Once the scraper is installed, spin the crank a couple times and make goddamned sure that the crank's counterweights clear the scraper as much as you intended. Then walk away a while, maybe over-night depending on how fast your goobage is going to dry. Historically, I've always waited overnight.

Once you think the goobage will hang on to the scraper, carefully remove the bolts that held the scraper in place. Inspect the lower surface of the scraper for any goobage on it's lower surface that might impact a good seal with the pan. Then either use another layer of goobage and put the oil pan on.

Supporting thoughts.

Goobage vs. gaskets. You want the oil pan to ride as high as possible because this locates the oil pump pickup as low as possible in the pan. The IJ scraper is a pretty thick piece of steel so it drops the oil pan and therefore effectively raises the oil pump pickup. Don't make this worse by using a thick paper oil pan gasket. Minimize the problem as much as possible by using goobage as your oil pan seal, not oil pan gaskets. The goobage will squeeze out and you're have metal to metal mating for most of the oil-pan. If you are determined to use an oil pan gasket, use a thin cork gasket, not the better thick paper gasket.

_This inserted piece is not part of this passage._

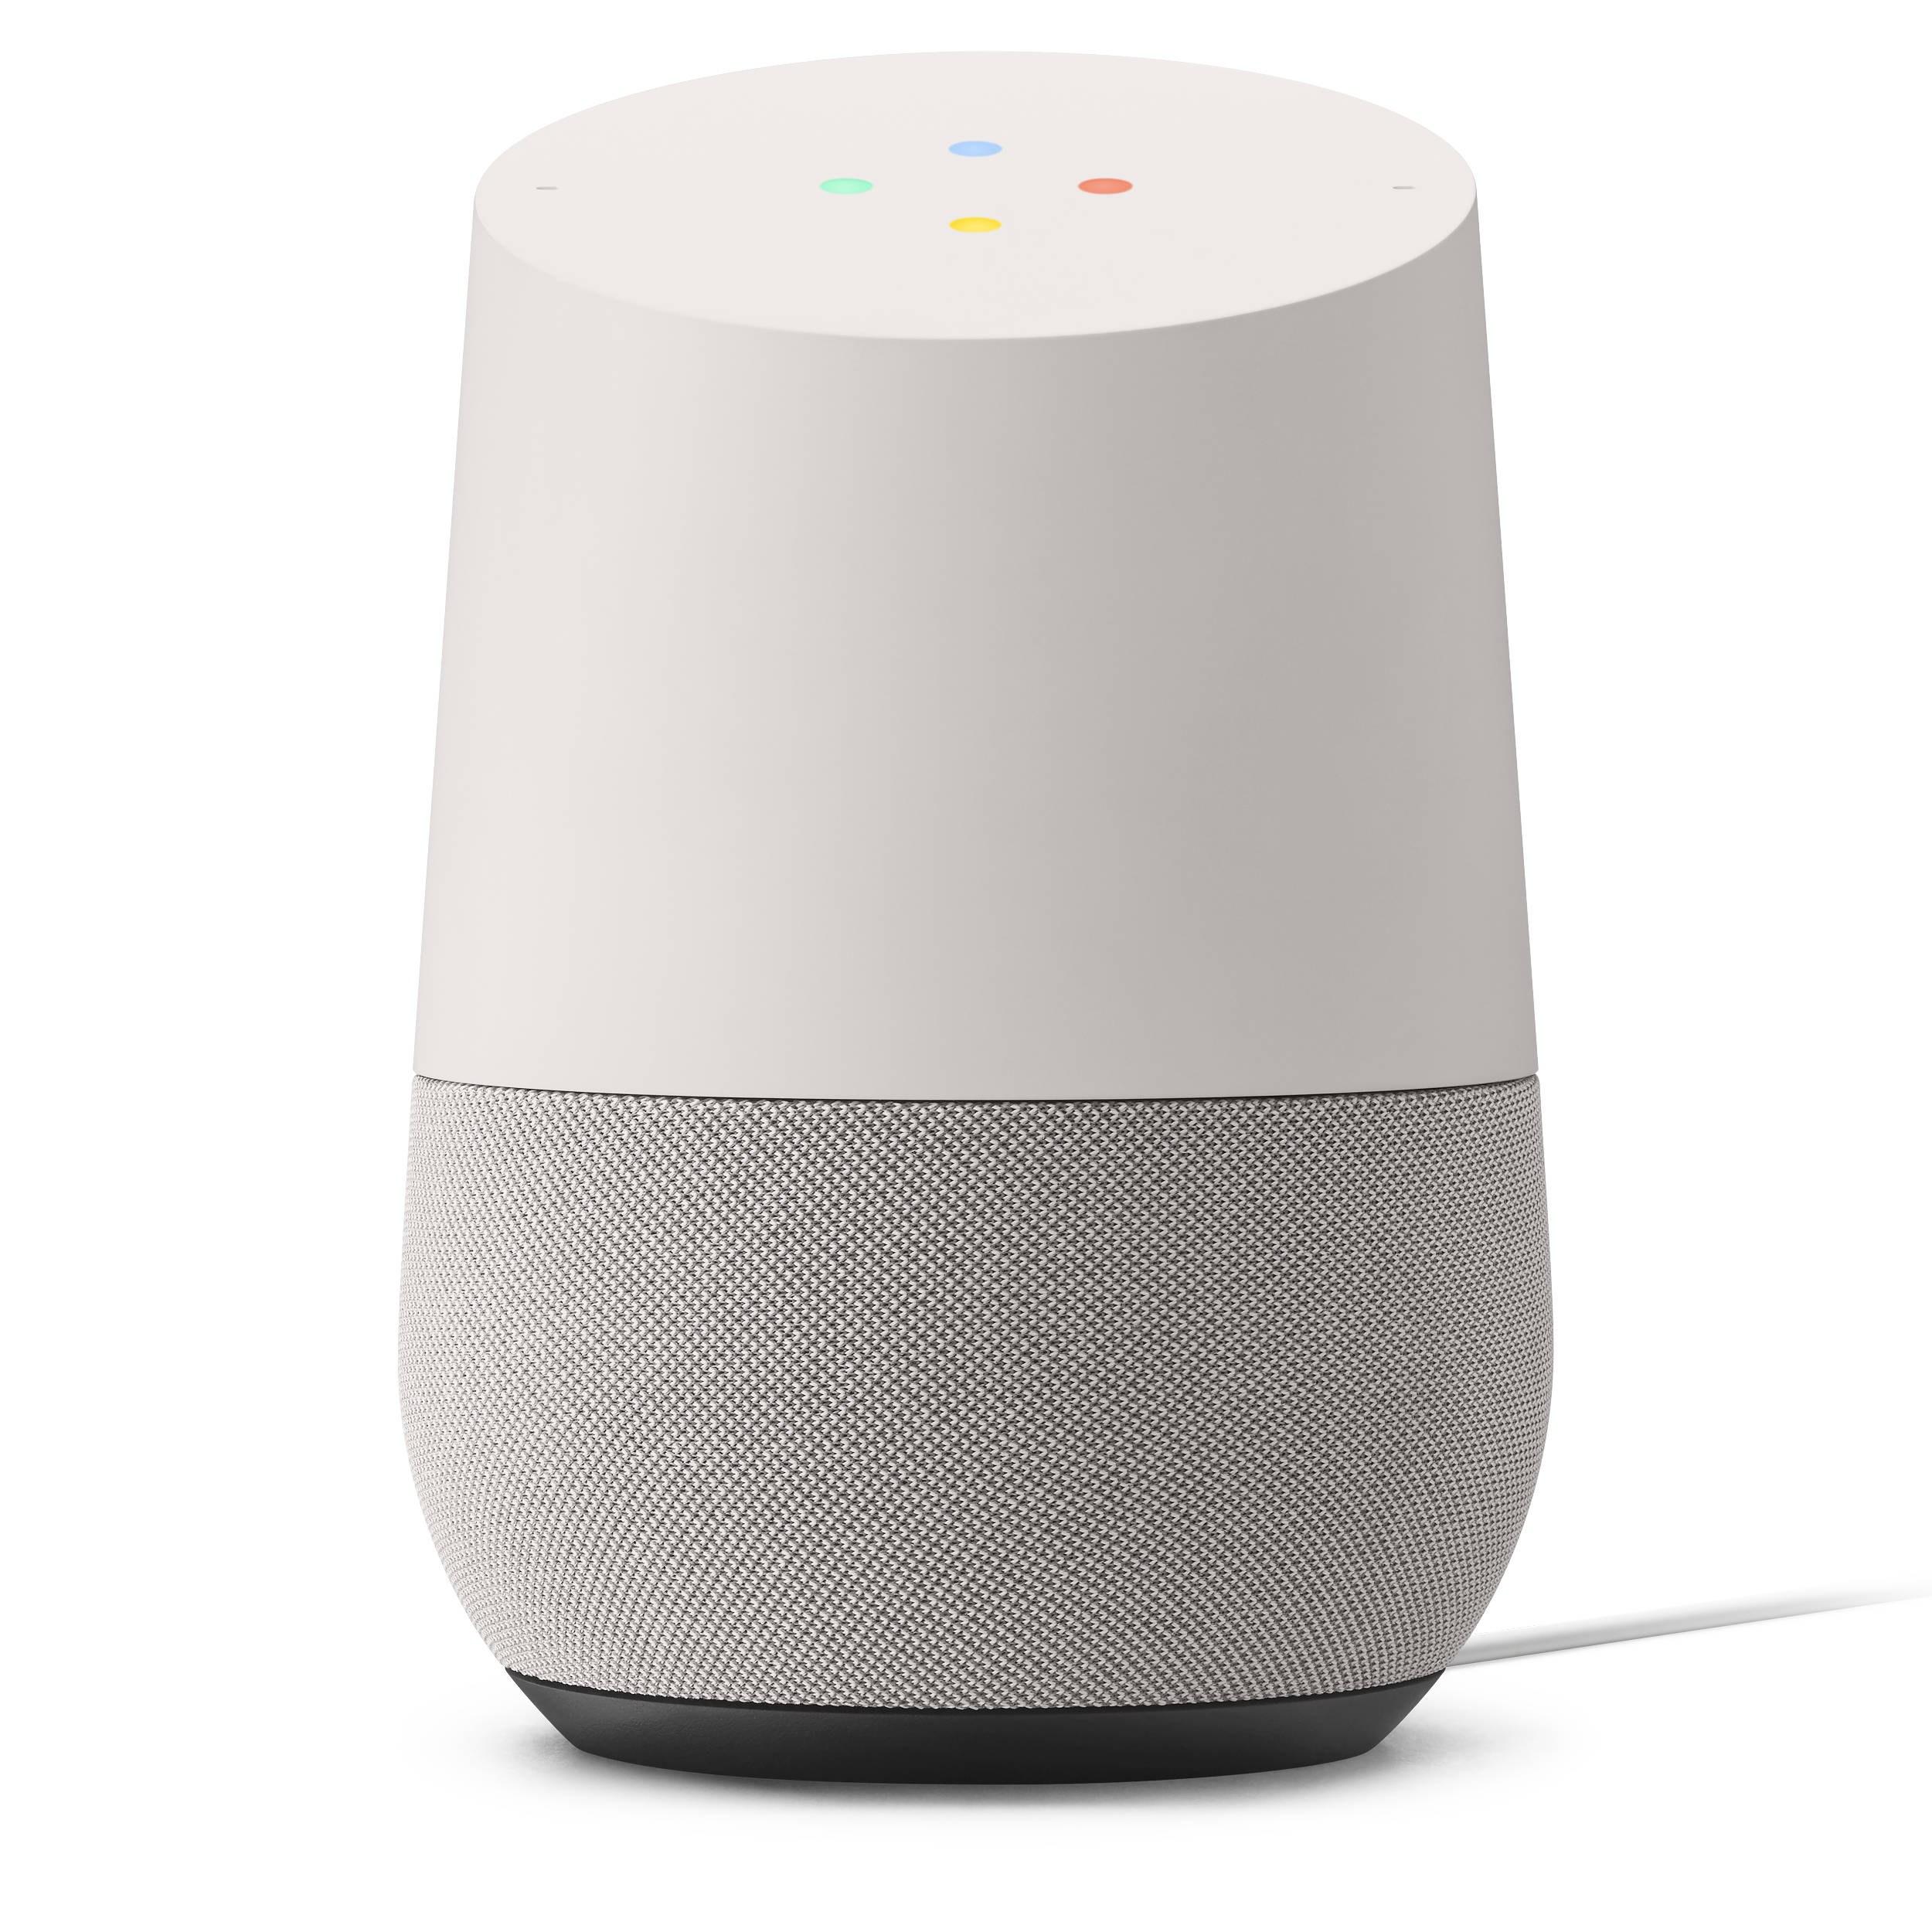 Google Home Assistant 구글홈 인공지능 AI 스마트 스피커

How to lift the engine up to get the oil pan off easily. The easy solution is to use a cheap engine "support bar" from Harbor Freight. Put it in place across your wheel wells and fasten the chains under your motor mount wings. Unfasten motor and tranny mounts, then lift the engine up until the top of the tranny hits it's tunnel.

Harbor Freight Engine Support Bar. $80. Darn handy.

Fastening the oil pump in place. Cleaned the bolts and 3 holes with brake cleaner, let the stuff dry, then use blue locktite. You can't crank the bolts really tight because the block is cast iron, not hardened steel, but the blue locktite will keep the bolts in place. Don't use red locktite, that stuff is too strong.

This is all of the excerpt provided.